The film received mixed and positive reviews from film critics and has been reached over 1 million tickets sold in five days upon release, and reached over 2.5 million in third weekend upon release. The film is crawling up to the fourth position of Indonesian best-selling films of 2017.

Plot
Fahri, now living in Edinburgh and working as a lecturer at the University Of Edinburgh, lives in a quiet neighborhood  together with Uncle and Hulusi, his Turkish household assistant.  Fahri has lost contact with Aisha, his wife, seven months ago, when Aisha started becoming a volunteer in the Gaza Strip. He recalls Aisha having had two miscarriages and finding herself restless till a friend’s invitation to help displaced children of Palestine created a renewed zest for life. He had given her his blessings to go to Palestine but due to reasons not shown at first, Aisha had stopped contacting him. Friends and relatives alike tell him that she is gone.

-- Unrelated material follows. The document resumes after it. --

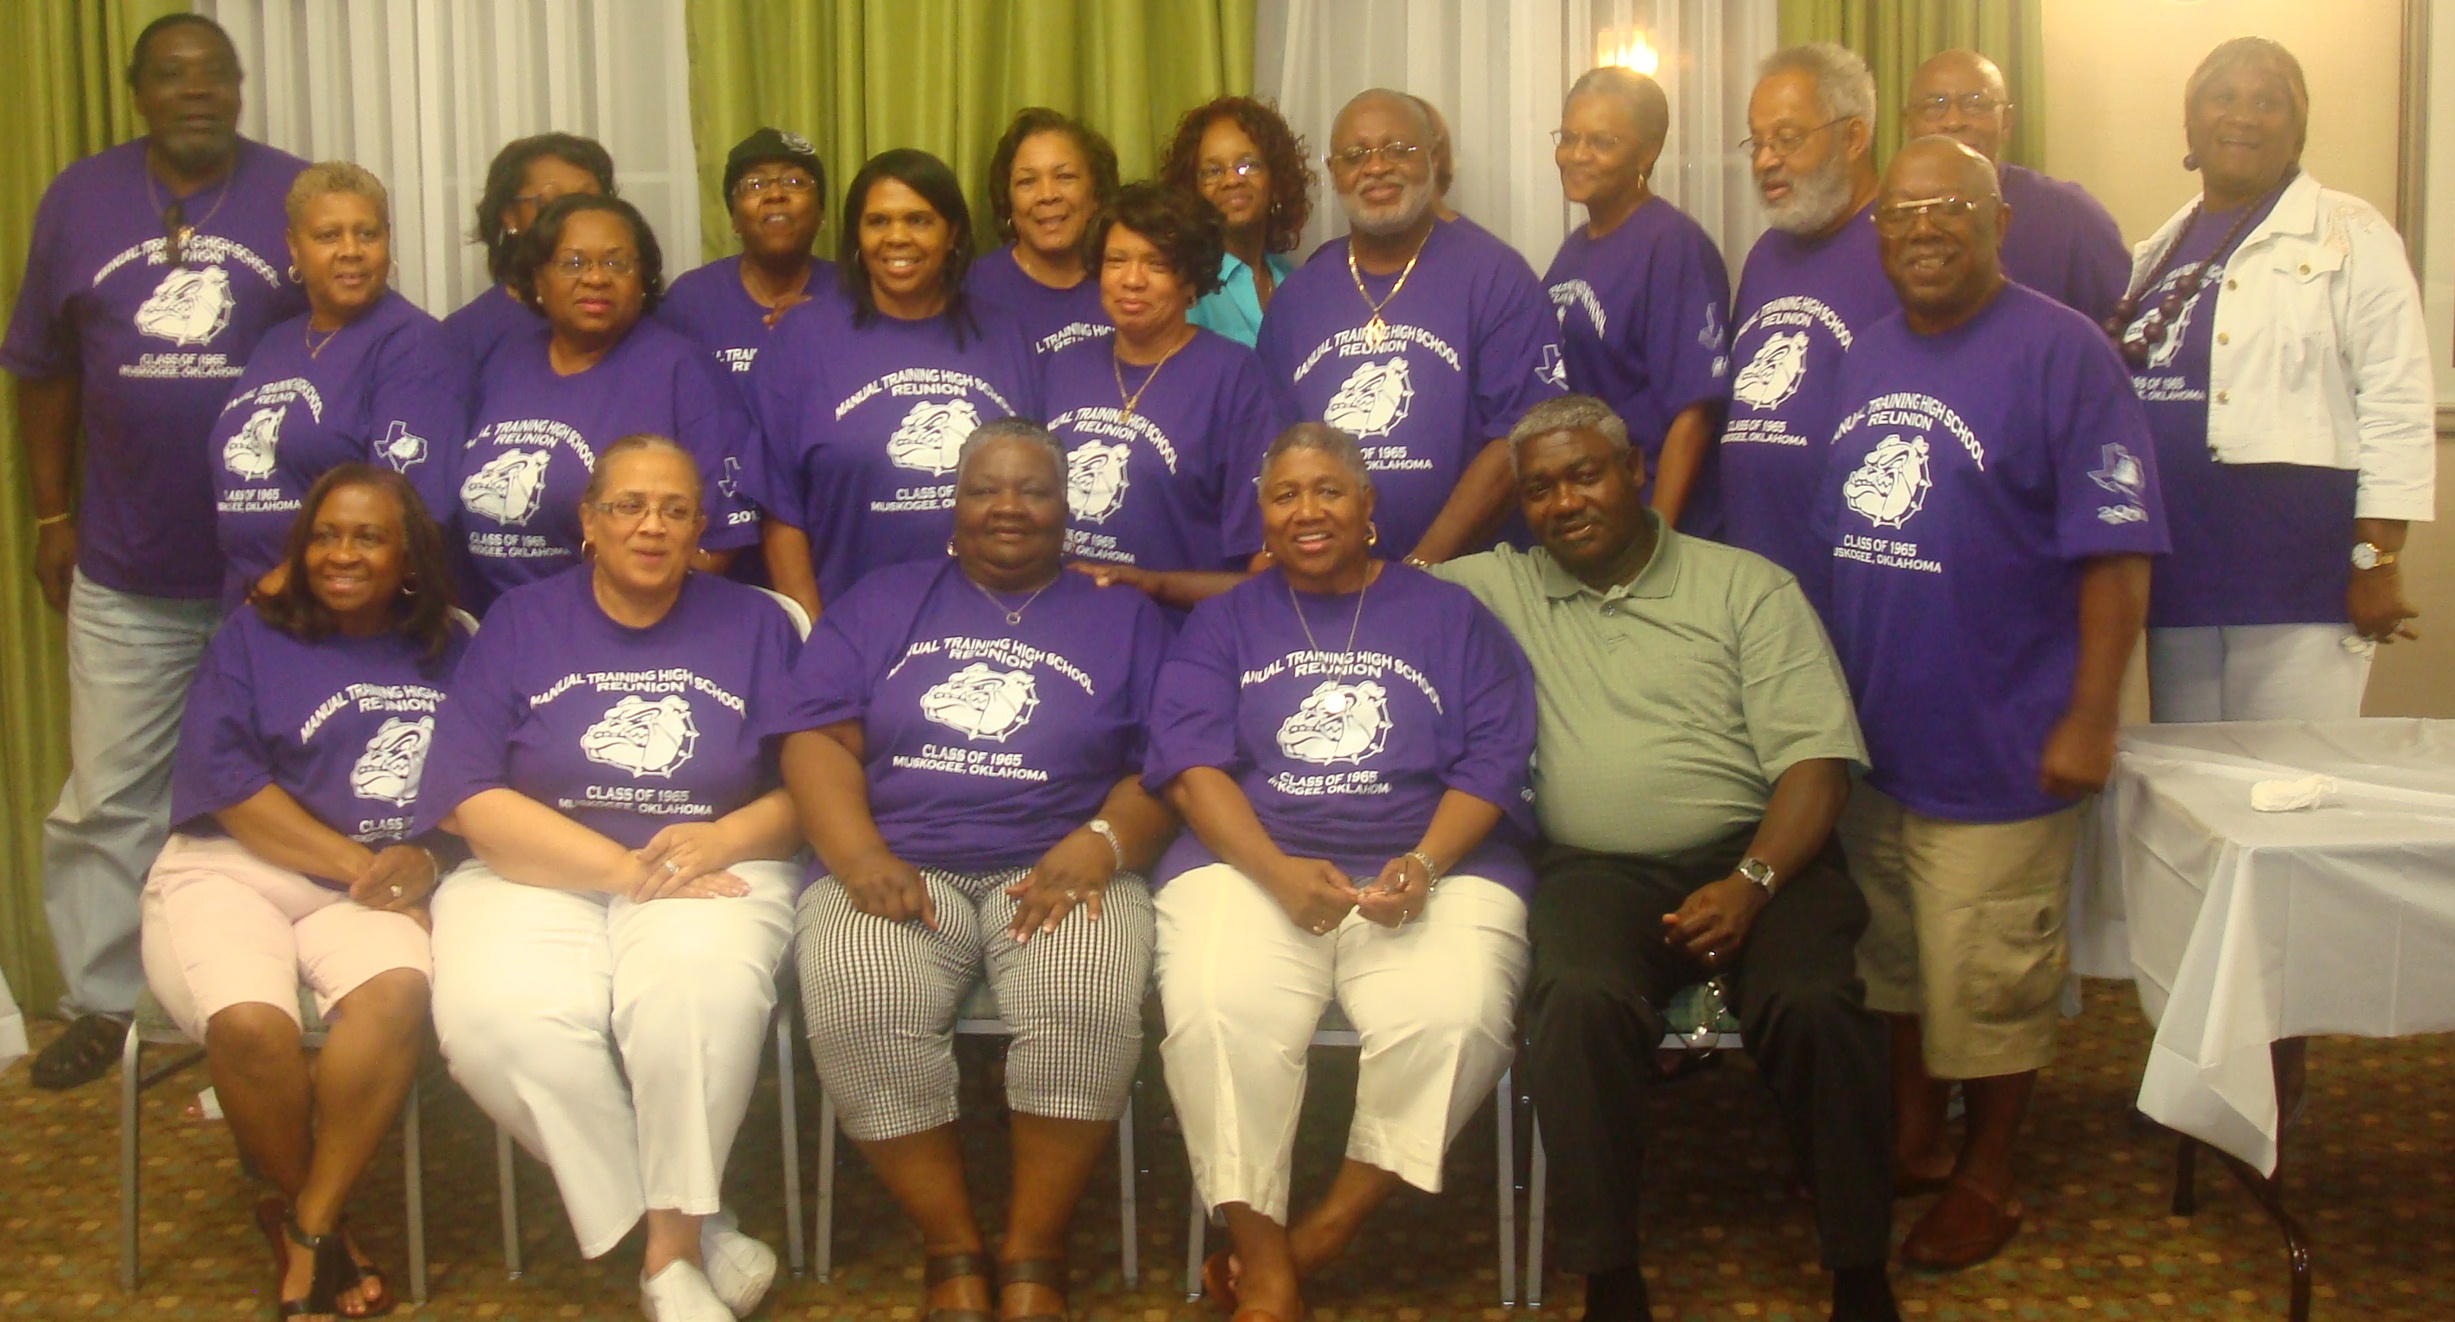 Sitting Left to Right: Joice Rivers, Marva Elliott, Frankye Sourie, Carolyn McFrazier, Porter Briggs, First Standing Left to Right: Joyce Chairs, Collotta Gray, Arthalia Wilkerson, Elvertta Wells, William Gray, Bythelda Roberts,(between both rows) David R
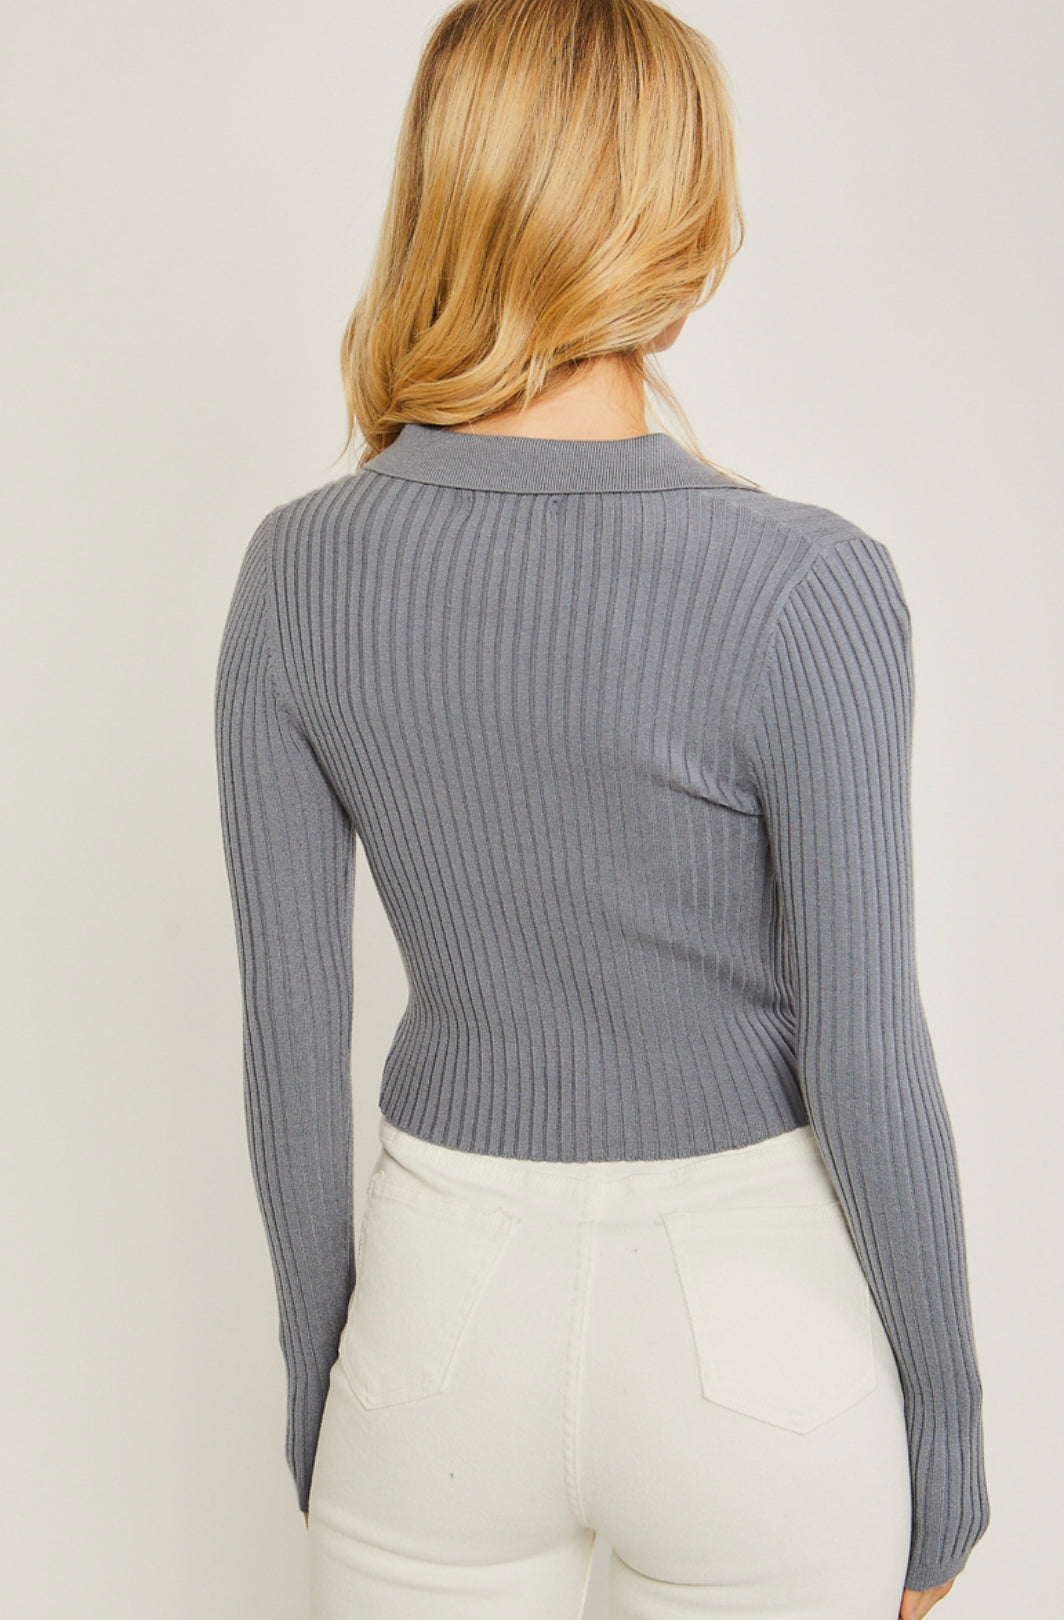 Ribbed collared sweater top

Fahri is still waiting for her sorrowly. He tries to overcome his sadness by busied himself as a lecturer and successful entrepreneur in the city. Fahri is also preoccupied with the presence of Misbah, his old friend, who want to stay with him.

Fahri is often confronted with the problems of his various neighbors. There is a Jewish grandmother, Catarina who is having problems with her stepson. There is also Keira McGills, a talented violinist who hates Fahri very much, considered him as terrorist who has caused the death of her father by a bomb in London.

Fahri tries to keep Aisha's trust to help people around. Fahri's good intentions often make misunderstanding and drag into more complicated issues and endanger his life. Fahri's life becomes more complicated when Hulya, Aisha's cousin, now grows up into a beautiful woman.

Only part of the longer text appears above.